Tiga Mantan Kadis ESDM Babel Dituntut 6-7 Tahun Penjara atas Kasus Korupsi Timah

Tiga Mantan Kadis ESDM Babel Dituntut 6-7 Tahun Penjara atas Kasus Korupsi Timah

TOPSUMBAR – Tiga mantan Kepala Dinas (Kadis) Energi dan Sumber Daya Mineral (ESDM) Provinsi Kepulauan Bangka Belitung (Babel) menghadapi tuntutan 6 hingga 7 tahun penjara atas dugaan korupsi pengelolaan timah ilegal yang merugikan keuangan negara sebesar Rp 300 triliun.

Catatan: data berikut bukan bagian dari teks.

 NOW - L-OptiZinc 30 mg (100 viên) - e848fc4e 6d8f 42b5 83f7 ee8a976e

Sidang kasus ini berlangsung di Pengadilan Tindak Pidana Korupsi (Tipikor) Jakarta pada Senin (18/11/2024).

Ketiga terdakwa adalah Suranto Wibowo, Kepala Dinas ESDM Babel periode 2015-2019; Amir Syahbana, Kepala Dinas ESDM Babel periode 2021-2024; dan Rusbani, Pelaksana Tugas (Plt) Kepala Dinas ESDM pada Maret 2019.

Bacaan Lainnya

Mereka dinilai bersalah karena bekerja sama dengan pihak swasta dalam pengelolaan timah secara ilegal.

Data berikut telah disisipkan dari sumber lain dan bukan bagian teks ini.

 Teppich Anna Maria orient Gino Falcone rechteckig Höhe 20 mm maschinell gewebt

Jaksa Penuntut Umum (JPU) menuntut Suranto dan Amir masing-masing 7 tahun penjara serta denda Rp 750 juta subsider 6 bulan kurungan.

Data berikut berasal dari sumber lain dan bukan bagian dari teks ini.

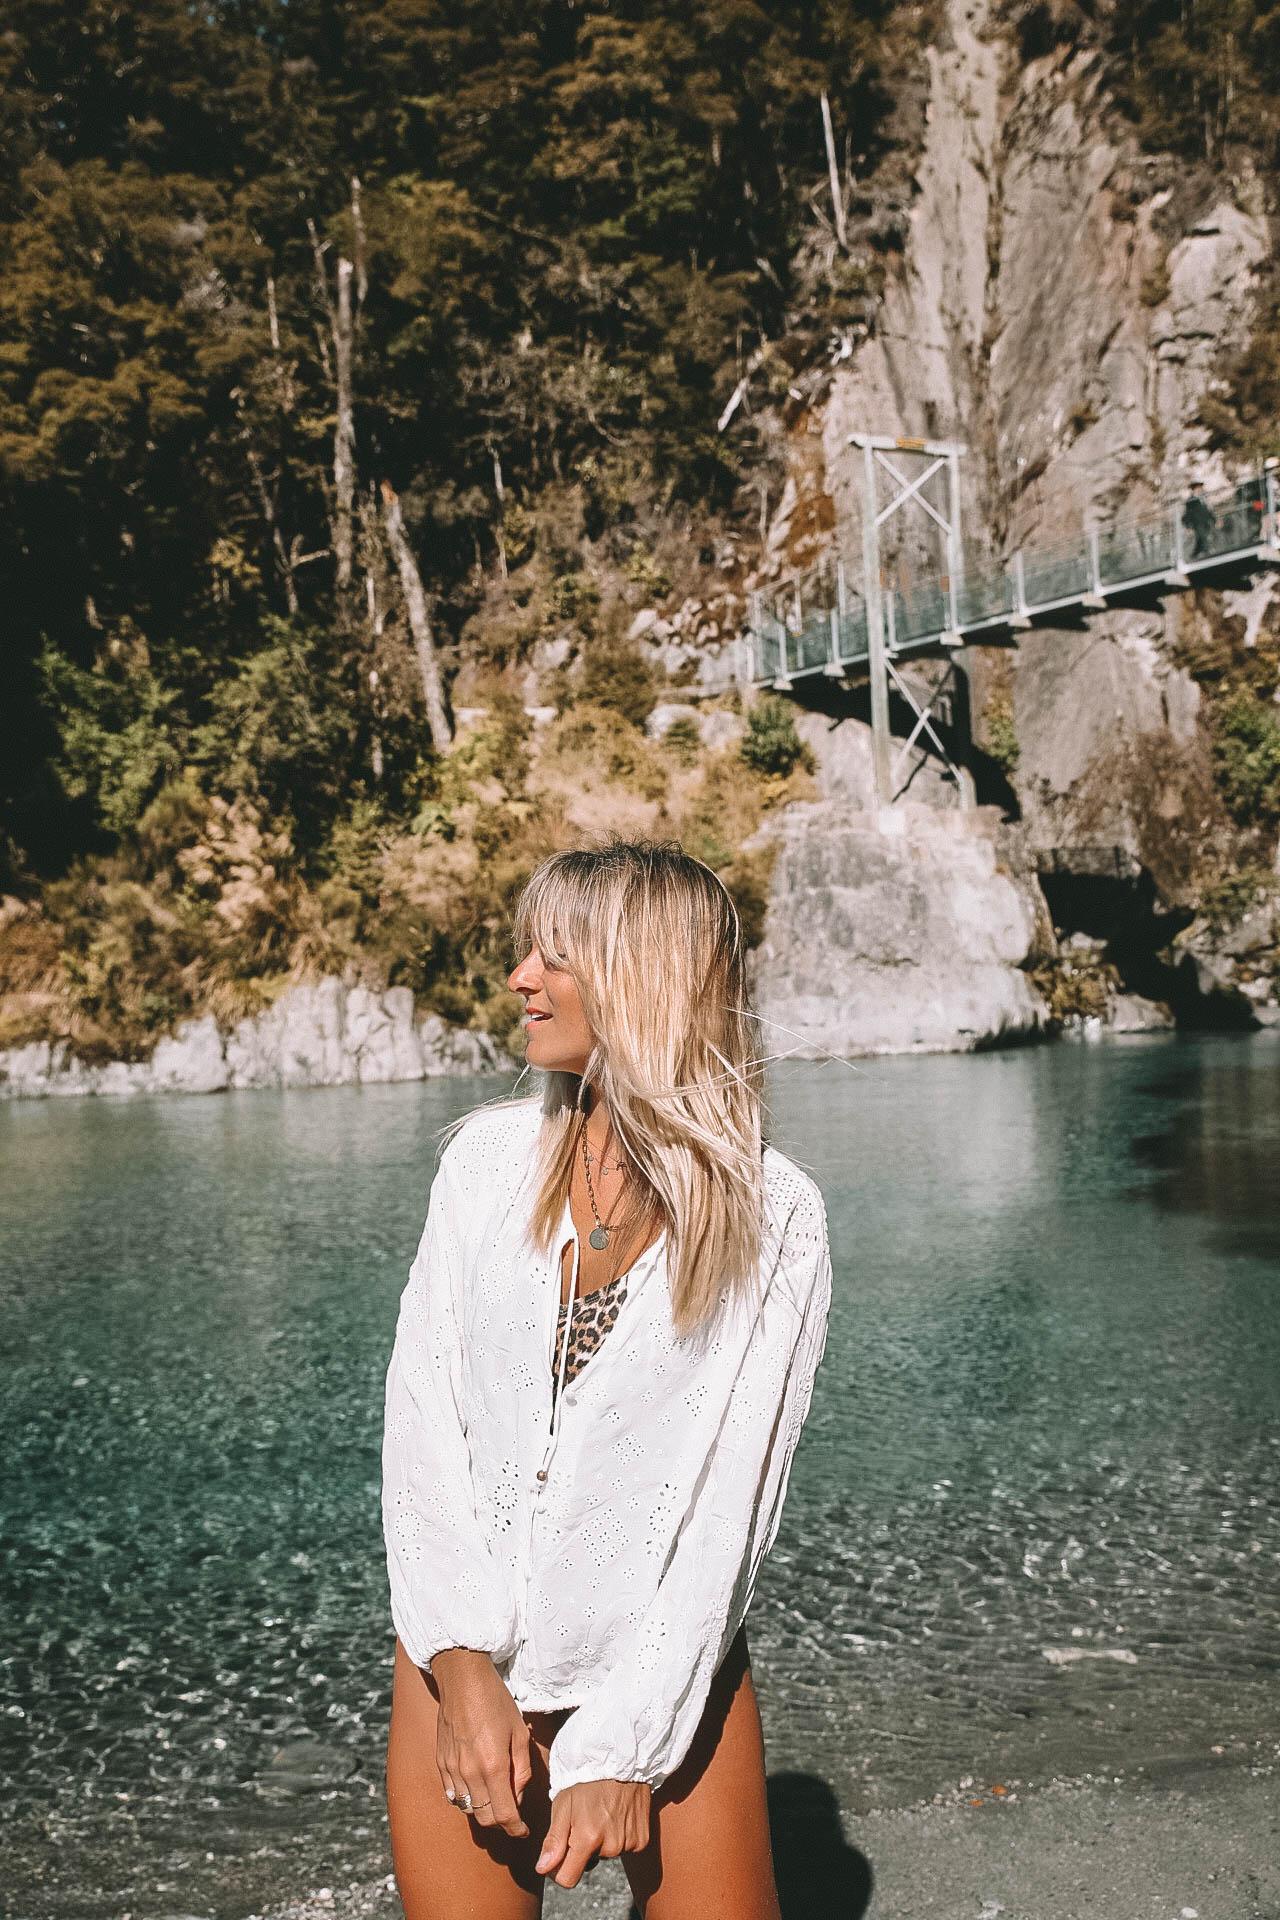 Blue Pools Nouvelle-Zélande - Blondie Baby blog voyages et mode

Selain itu, Amir diwajibkan membayar uang pengganti sebesar Rp 325.999.998 subsider 2 tahun kurungan.

Sementara itu, Rusbani dituntut 6 tahun penjara dan denda Rp 750 juta subsider 6 bulan kurungan.

“Perbuatan para terdakwa tidak mendukung upaya pemerintah dalam menciptakan tata kelola negara yang bersih dari korupsi, kolusi, dan nepotisme. Kerugian yang ditimbulkan sangat besar, termasuk kerusakan lingkungan yang masif,” ujar jaksa dikutip dari Detik pada Selasa, 19 November 2024.

Jaksa juga mengungkapkan bahwa Suranto dkk terlibat dalam menyetujui Rencana Kerja Anggaran dan Biaya (RKAB) ilegal untuk lima perusahaan smelter dan afiliasinya.

Kelima perusahaan tersebut adalah PT Refined Bangka Tin, CV Venus Inti Perkasa, PT Sariwiguna Binasentosa, PT Stanindo Inti Perkasa, dan PT Tinindo Internusa.

RKAB tersebut tidak hanya digunakan sebagai dasar operasional, tetapi juga sebagai legitimasi bagi penambangan ilegal di wilayah Izin Usaha Pertambangan (IUP) PT Timah, Tbk.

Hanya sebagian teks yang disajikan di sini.